* YOUR ASSIGNMENT:
Produce exactly the lines from the one holding "3 oscar nominated" through the last line of the data below, with every picture left out.

* SOURCE MATERIAL:
****************************************
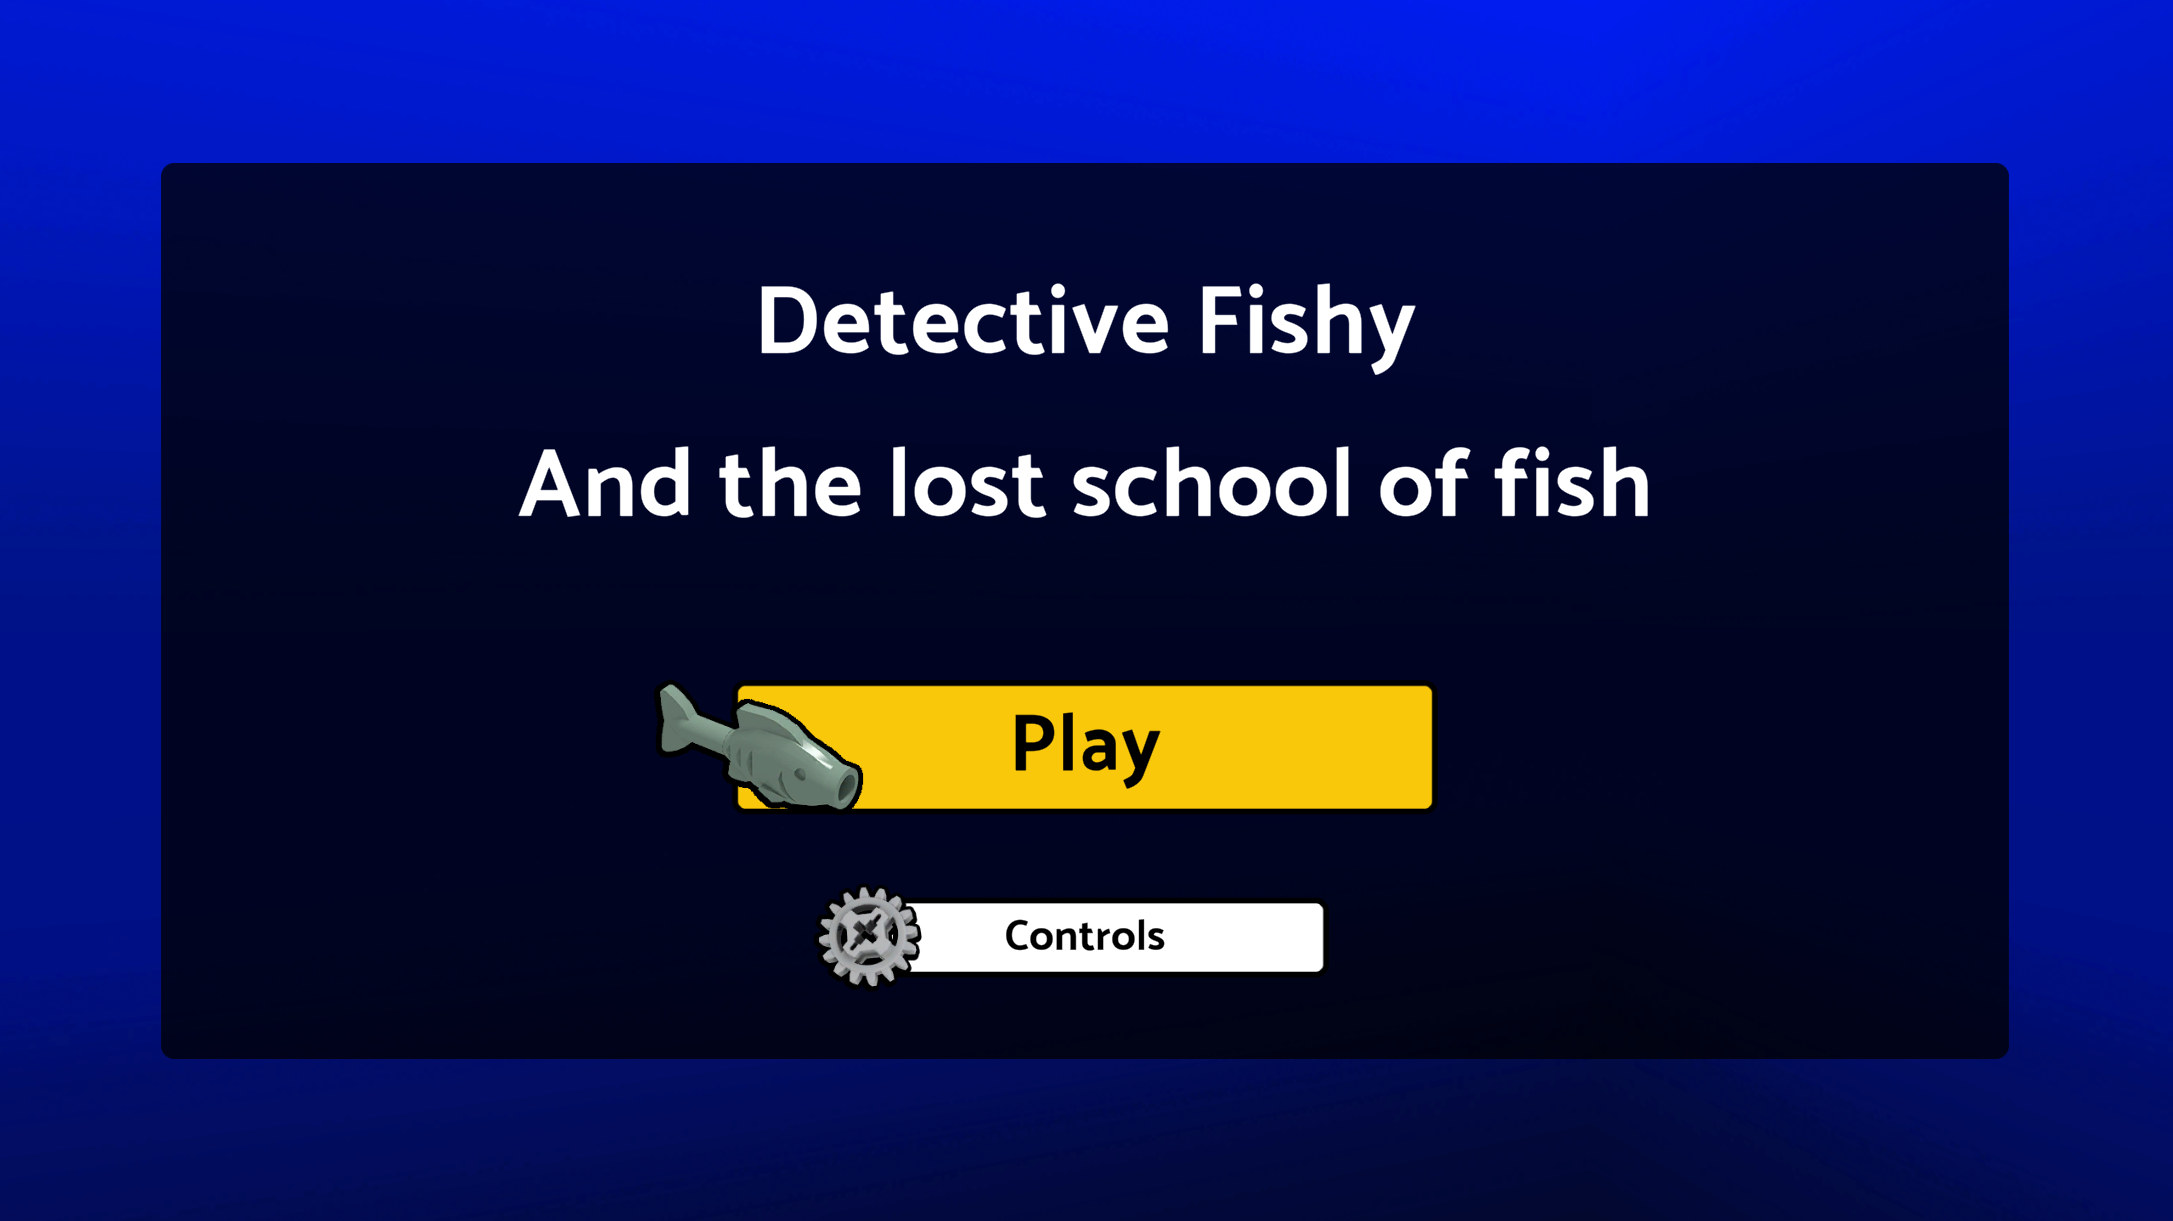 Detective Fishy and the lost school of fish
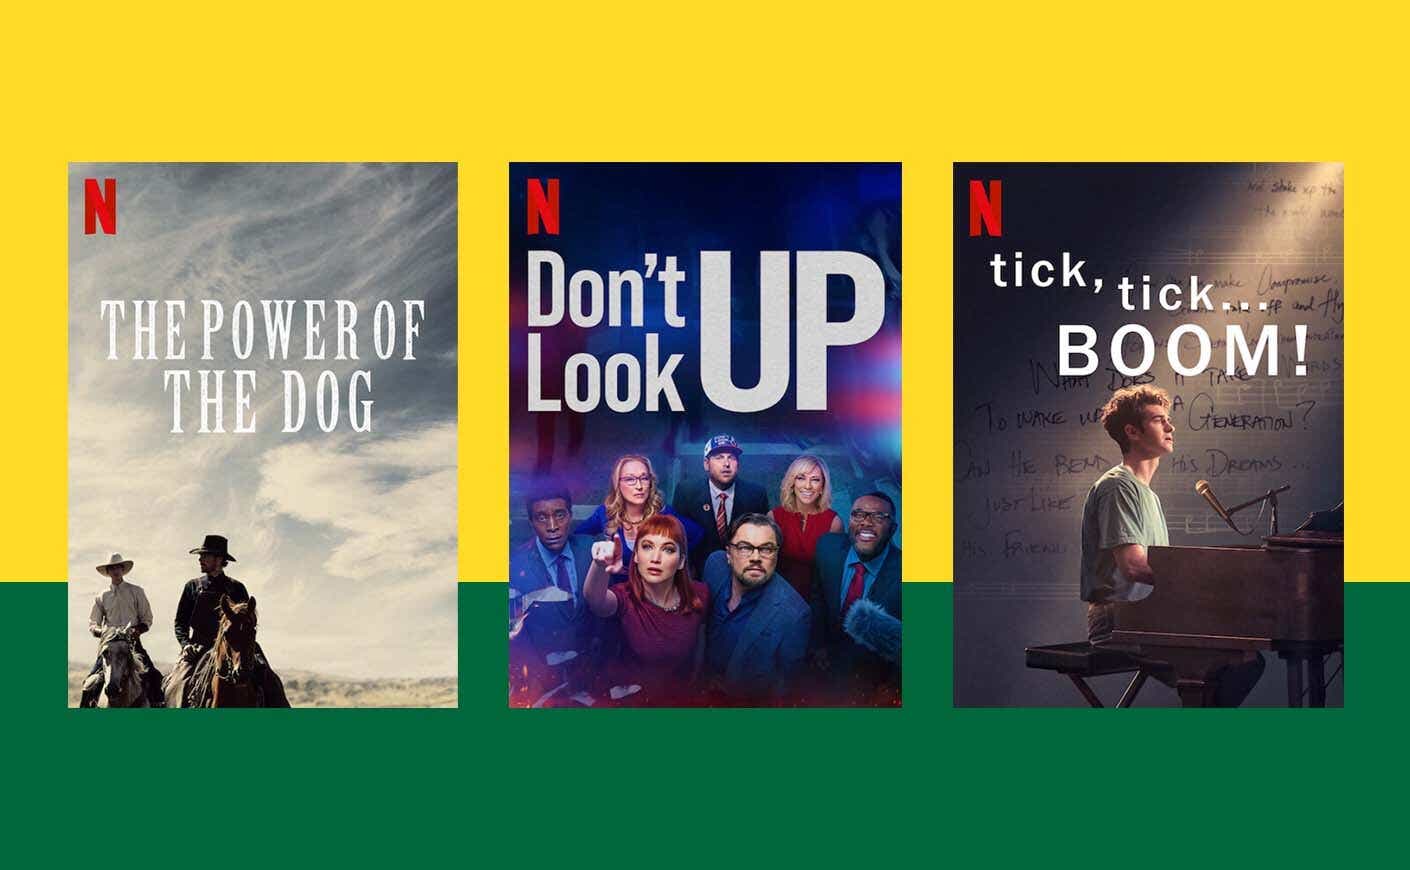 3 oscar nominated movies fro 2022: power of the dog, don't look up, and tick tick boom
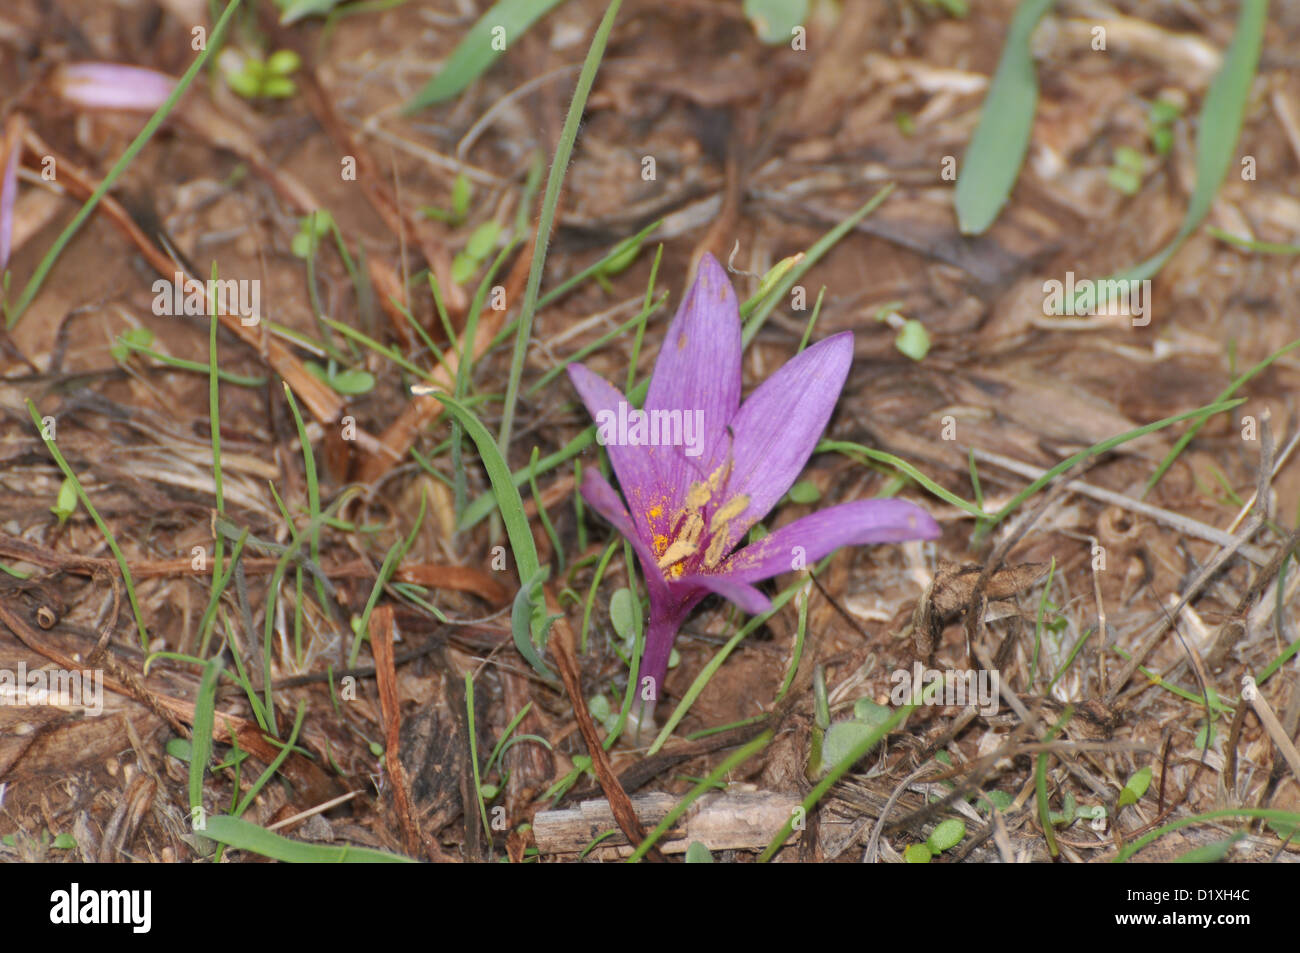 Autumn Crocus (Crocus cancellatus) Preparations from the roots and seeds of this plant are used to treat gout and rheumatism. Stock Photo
****************************************
* EXERCISE RESULT:
 3 oscar nominated movies fro 2022: power of the dog, don't look up, and tick tick boom
 Autumn Crocus (Crocus cancellatus) Preparations from the roots and seeds of this plant are used to treat gout and rheumatism. Stock Photo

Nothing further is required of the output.